Finally, I have found Walt to be a gracious and thoughtful commenter.  I hope my replies to him have also been seen in the same spirit and I hope to maintain that spirit in this post.

With that, let’s begin.  For shorthand, Walt Garlington will be WG; I will be referenced as BM.  I will not present the comments as presented in the thread; I will try to present them in a dialogue format.  Where I introduce new thoughts, not from the comment thread, these will not be indented.

WG: Lutheranism / Protestantism is a double-edged sword. Because the individual conscience is the sole authority in that system (i.e., no bishops, binding traditions, etc., to restrain a man), there can be swift reactions against bad policies, as with the initiative against C-4 that was mentioned.

This is a good point.  Independent positions can be taken, with little or no approval necessary from a higher (earthly) authority.  This, as Walt is about to point out, also offers a downside:

The downside is that other individuals can go on to decide that their conscience tells them that LGBT ideology is blessed by God based on how they read the Scriptures; and because the individual is the final authority, no one has any ground on which to stand to gainsay them. And so we end up with situations like we have in Canada, the uS, and the rest of the West in which governments must suppress traditional Christian teaching in order to allow the LGBT individuals to live according to their consciences.

Yet, even the very hierarchical Catholic Church has fallen into these same humanity destroying worldviews…. Jonathan Pageau has recently released an excellent video on Weaponized Compassion – using a bastardized and neutered concept of Christian love and yet, somehow calling this “Christian.”

BM: Walt, you have illuminated both the value and the corruption of institutions. There is value in institutions, for consistency and guarding tradition and teaching. 

The wisdom of countless generations in conversation, instead of the inventions of one generation (the current one).

BM: Unfortunately, institutions are ripe for corruption (hence, the West received Luther).

And necessarily so.

WG: If the Orthodox are slower to act, in addition to what Miner said above…

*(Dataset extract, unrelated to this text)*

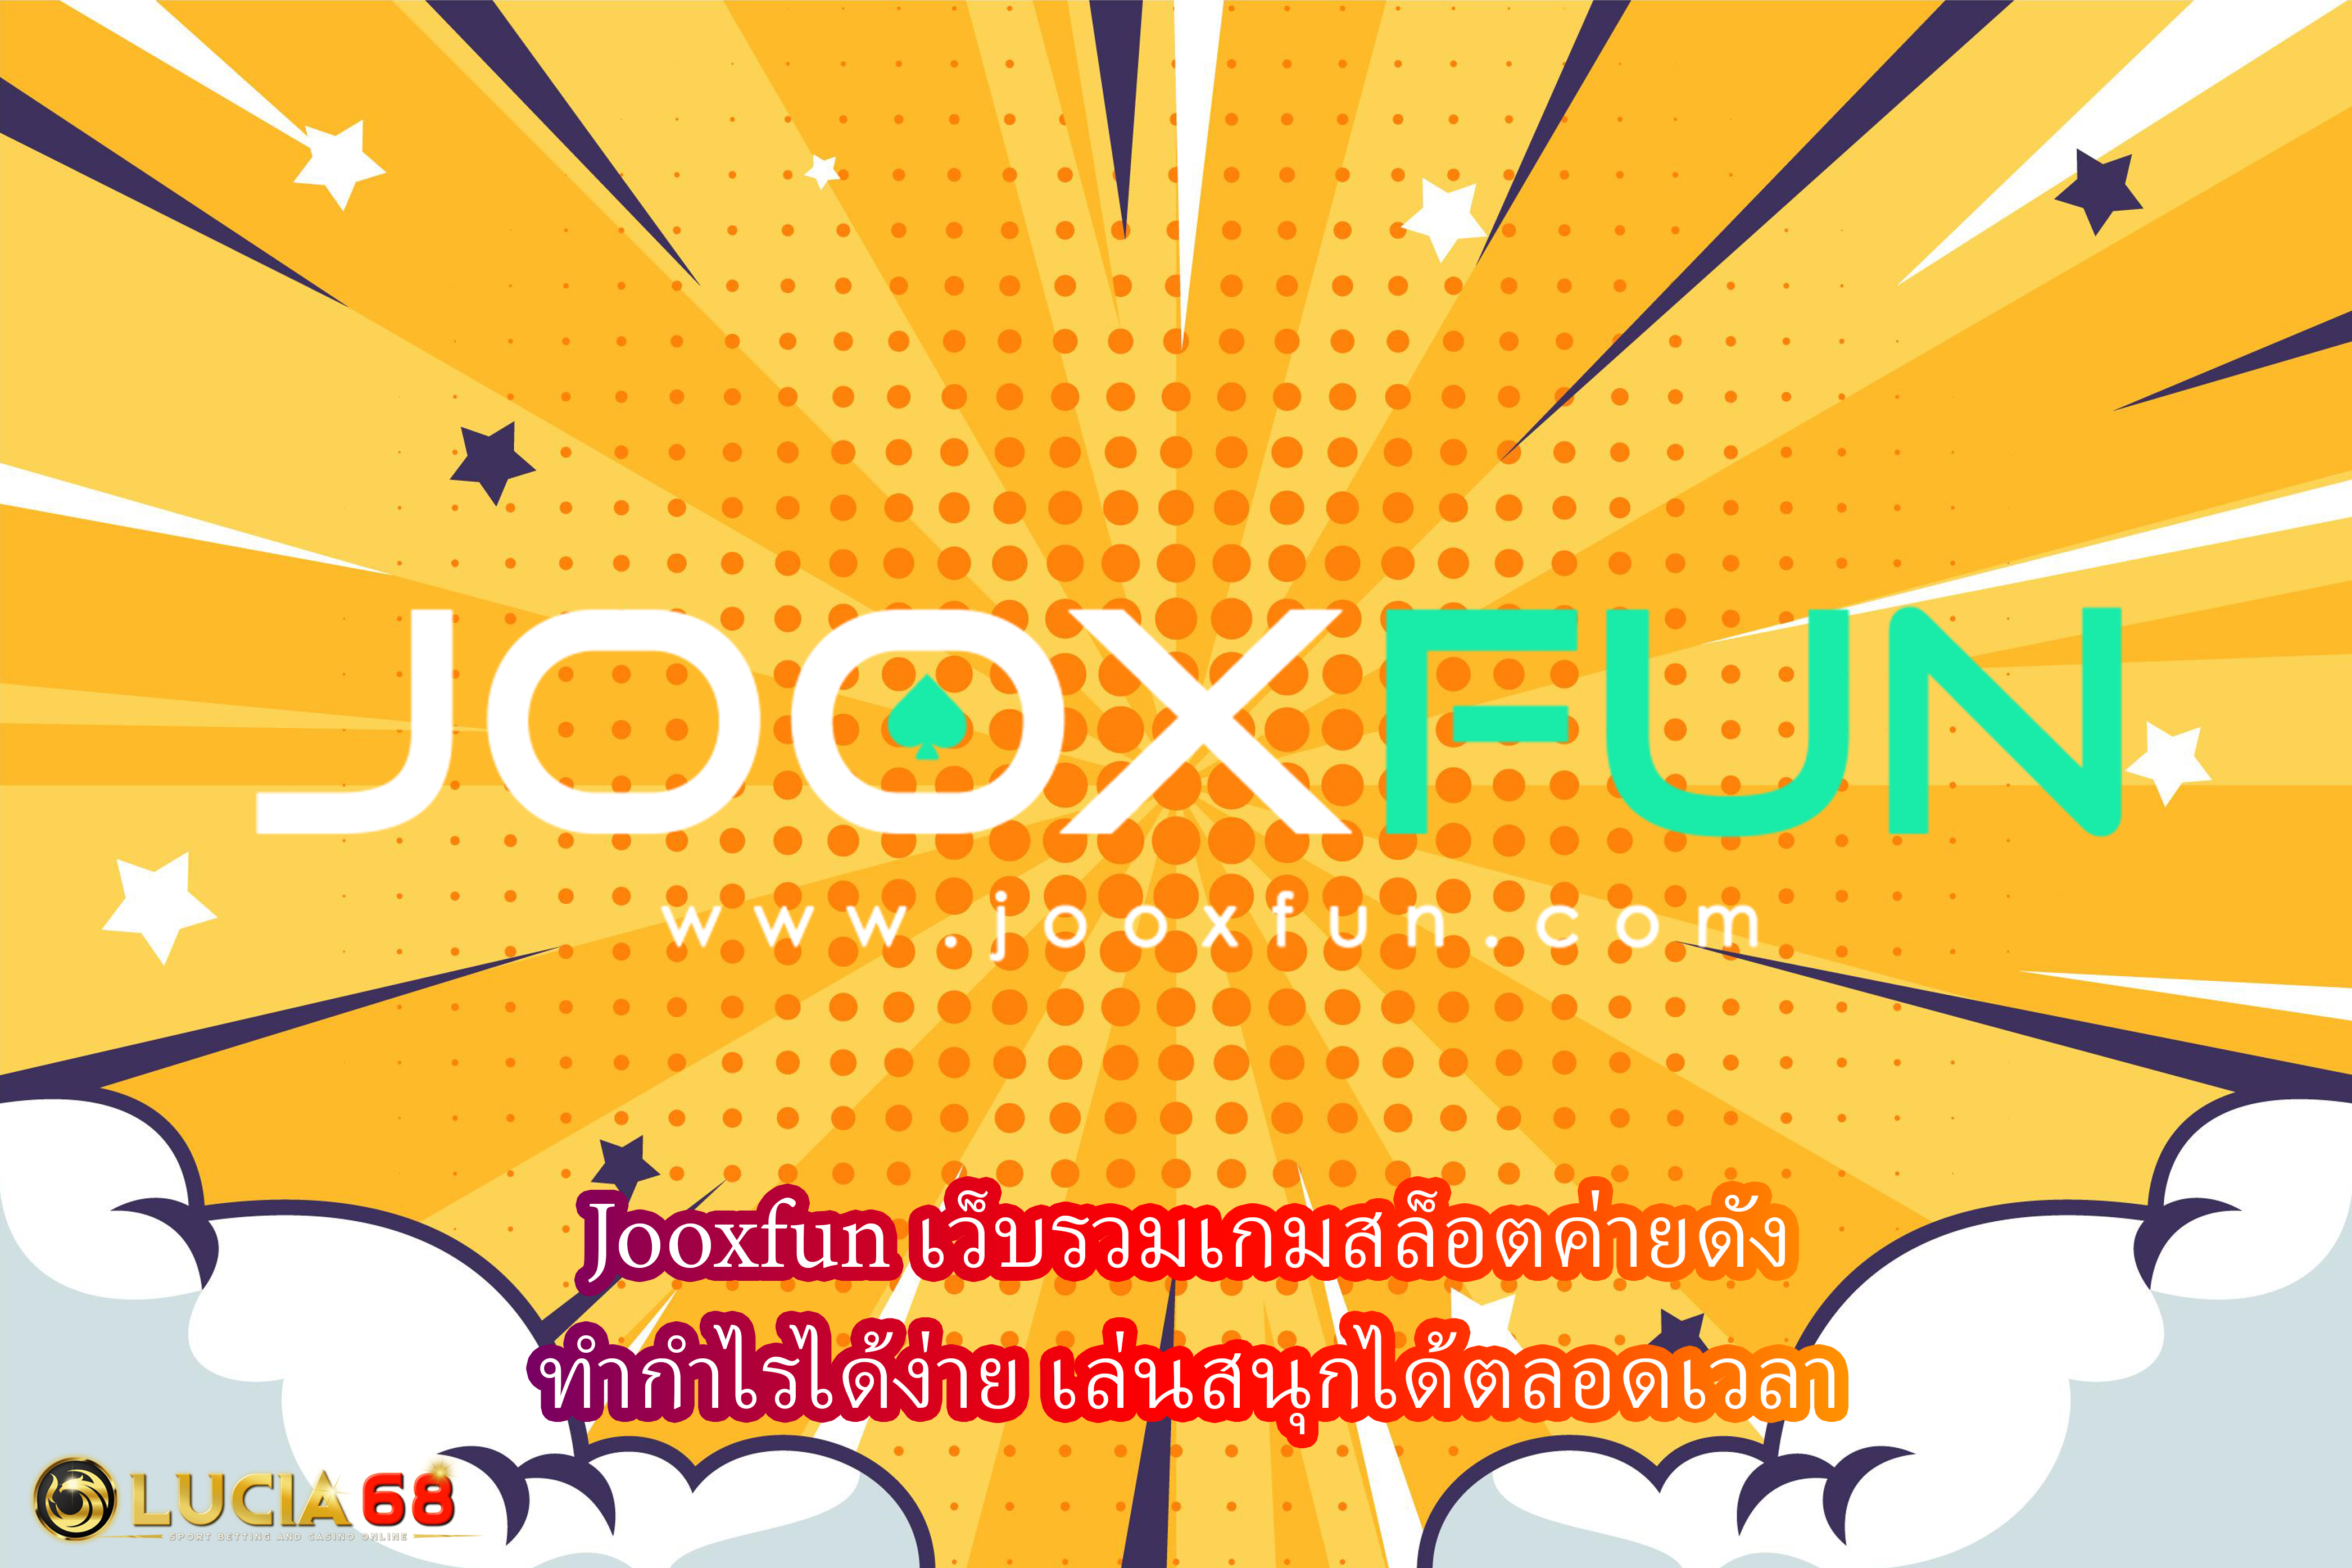 Jooxfun เว็บรวมเกมสล็อตค่ายดัง ทำกำไรได้ง่าย เล่นสนุกได้ตลอดเวลา

The referenced comment from Delinquent Miner:

A “silent” and “complicit” Orthodox Church, in my observation, comes from their collective experiences under Ottoman, Muslim, Turk, and Communist oppression. It’s a matter of survival.

This seems a reasonable observation.  I will relate, however, one example of just where such a road leads.  The Armenians of the Ottoman Empire – Orthodox, but known as “Oriental” due to a different understanding of how Christ is both divine and man than that offered via the Council of Chalcedon:

During a period in which the Ottoman Empire was losing a great deal of land—particularly the Christian Balkans—the Armenians were seen as the “loyal millet” who did not cause problems for the government.

By the end of the nineteenth century, this loyalty devolved into getting slaughtered.  And during World War One, genocide.  So, such “loyalty” only goes so far.  Sooner or later scapegoats will be found, turned into sacrifices to appease some god or another.

One sees the same situation in the West today and for the last hundred years or more.  Christians and conservatives always giving up a little more ground, thinking that this would be the last time and peace will follow thereafter.  This is all fine until there is no more ground to give. 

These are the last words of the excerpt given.